Durham's Dancing with the Stars

To conclude the evening, Mike has arranged his own version of Durham's Dancing with the Stars.

Teams include:

It is our understanding that Nancy Grace as yet does not have a partner, but will do a free dance interpretation of the Plight of TV Commentators. Dancing with the Stars competition begins at 10PM and all are encouraged to vote for their favorite couple. Transportation to and from the Platinum Club Gala will be provided by Jarriel's Private Limousine Service. For those driving to the event, parking attendant and valet services will be provided by Baldo (tips are appreciated). Reservations are still available and you will be eligible to earn your Platinum Club membership awards!

Friday Morning DNA Derby

Ticker Tape Parade

On Friday afternoon, all are invited to be on hand for the Michael Nifong Ticker Tape Parade, beginning at 1:00PM. Nifong will be the Grand Marshal at a one-car ticker-tape parade in his honor. Mike will wave to the masses from the back seat of a convertible, performing his legendary chokeholds at specified intervals. The parade route will circle the DA's office and, as is traditional for a ticker-tape parade, shredded paper - in this case shredded directly from the DA's office files - will be thrown out the 6th floor windows. Mike's car will circle the block over and over until all the shredded files have been jettisoned out of the windows by his loyal ADAs. The parade will culminate at the Courthouse, once again, where local and regional Potbangers plan to rally. Some of their number will perform, "The Music of Nifongisms," a compilation of Mike's most famous sayings set to music played on pots and pans while accompanied by interpretive dance movement.

The Nifong Bonfire

The Nifong Bonfire will be held Friday evening starting promptly at 7:00PM. Scheduled Bonfire activities include:

  • Cussin' Kerry Contest - Contestants try to top Nifong's public, expletive filled tirade. Kerry Sutton, avid Nifong supporter, will reenact her role.
  • .
  • Elmo Look-Alike Contest - Judged by Officer R. D. Clayton, whose bona fides include his having spent a whole day in court staring and glaring at Mr. Elmostafa at close range.
  • .
  • Moons Over Durham - Contestants drop "trou" and moon the judges Stephens, Titus, and Hudson in honor of Nifong's mooning the justice system. While extra points will be given for flabbiness and pallidity, the winner must also moon with an attitude combining confidence, malice, and mental instability. Repeating actual Nifongisms during the performance is allowed and encouraged.
  • .
  • Kissing Booth - We are sad to inform attendees that the proposed Kissing Booth has been cancelled, after no one worth kissing could be found among Nifong supporters.

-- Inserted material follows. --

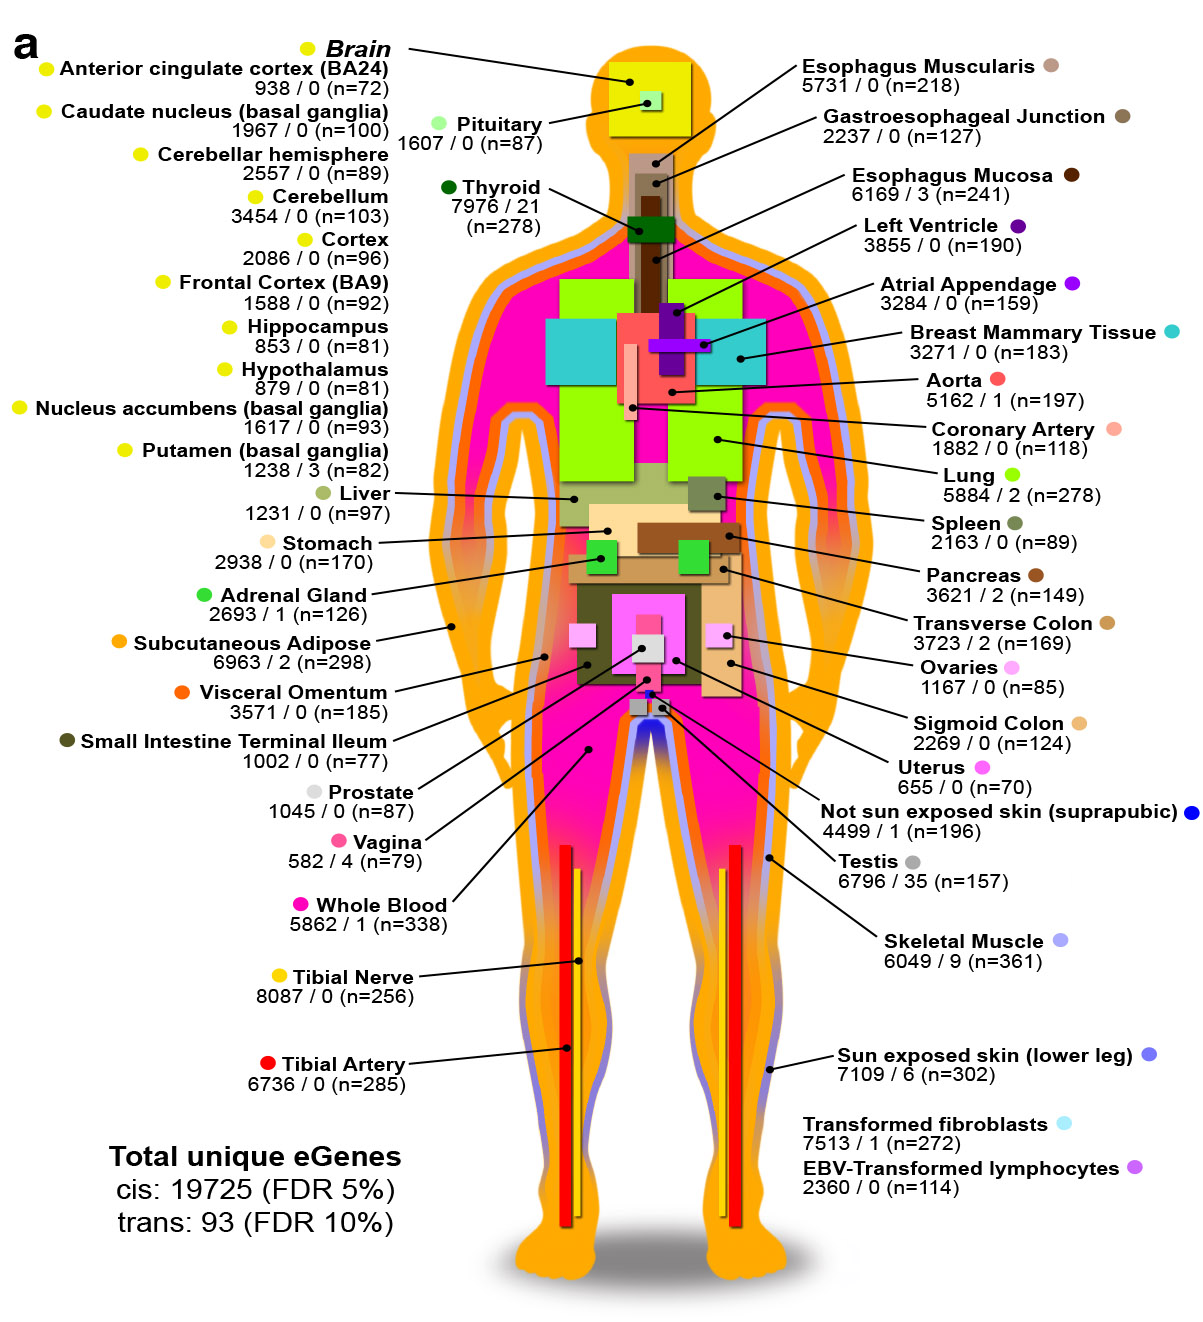 Illustration of human body with information about genes associated with 44 tissue types

The Nifong Bonfire will conclude with all local copies of the Due Process Clause, the Brady decision, Durham Police Department General Order 4077, Sgt. Gottlieb's original handwritten notes, the NC Bar Canons of Ethics, NC General Statute §7A-66, §7A-66 affidavits, and any other constitutional provisions, case law, and statutory procedures that Fong doesn't like will be set aflame in a gigantic bonfire.

Baldo Day

Saturday, February 24, brings another day of community camaraderie as Durham salutes another Hero of our Hometown Hoax, as the spotlight turns to "Baldo Day!" Space is limited.

Organizers describe the fun as follows:

"Baldo Day! What we were all waiting for, an entire day with Baldo chasing the bad guys! We start out with a 9AM briefing at District II Station House. A cup of Joe and a handful of donuts and we head out! First stop, the Brentwood Apartments and a rousting of a couple of thugs chosen at random. Nothing is better than enforcing Man law and a quick shakedown.

"Now over to the parking on Main street and see if anybody is feeding the meters! Back on the road we head over to the season opening Duke lacrosse game and patrol the tailgaters looking for urinators, noise violators, and anyone wearing Duke blue.

"Always on the look out for that Tony Soprano, you follow Baldo as he chases down a lead on some reports of illegal garage sale signs in Trinity Park! Watch as Baldo arrests three innocent Duke students just for fun, then releases them with a "You just got punked by Baldo" T-Shirt! Who says he isn't fun loving and thoughtful!

"Finally we head over to Raleigh for dinner at Blinco's. Share stories and laugh about the Adventures of Baldo, the uncensored version. Officer Clayton will join us and we might even look up a Fry Cook later on in the evening.

Law and Order Breakfast and Tour

D.A.M.N. Appreciation Week finishes with a bang. Sunday begins with "The Law and Order Breakfast and Tour." After the "Night with Baldo Sleep In," meet at the Millenium Hotel and enjoy a complimentary breakfast down in the donut room. Don't forget it's OK to get seconds!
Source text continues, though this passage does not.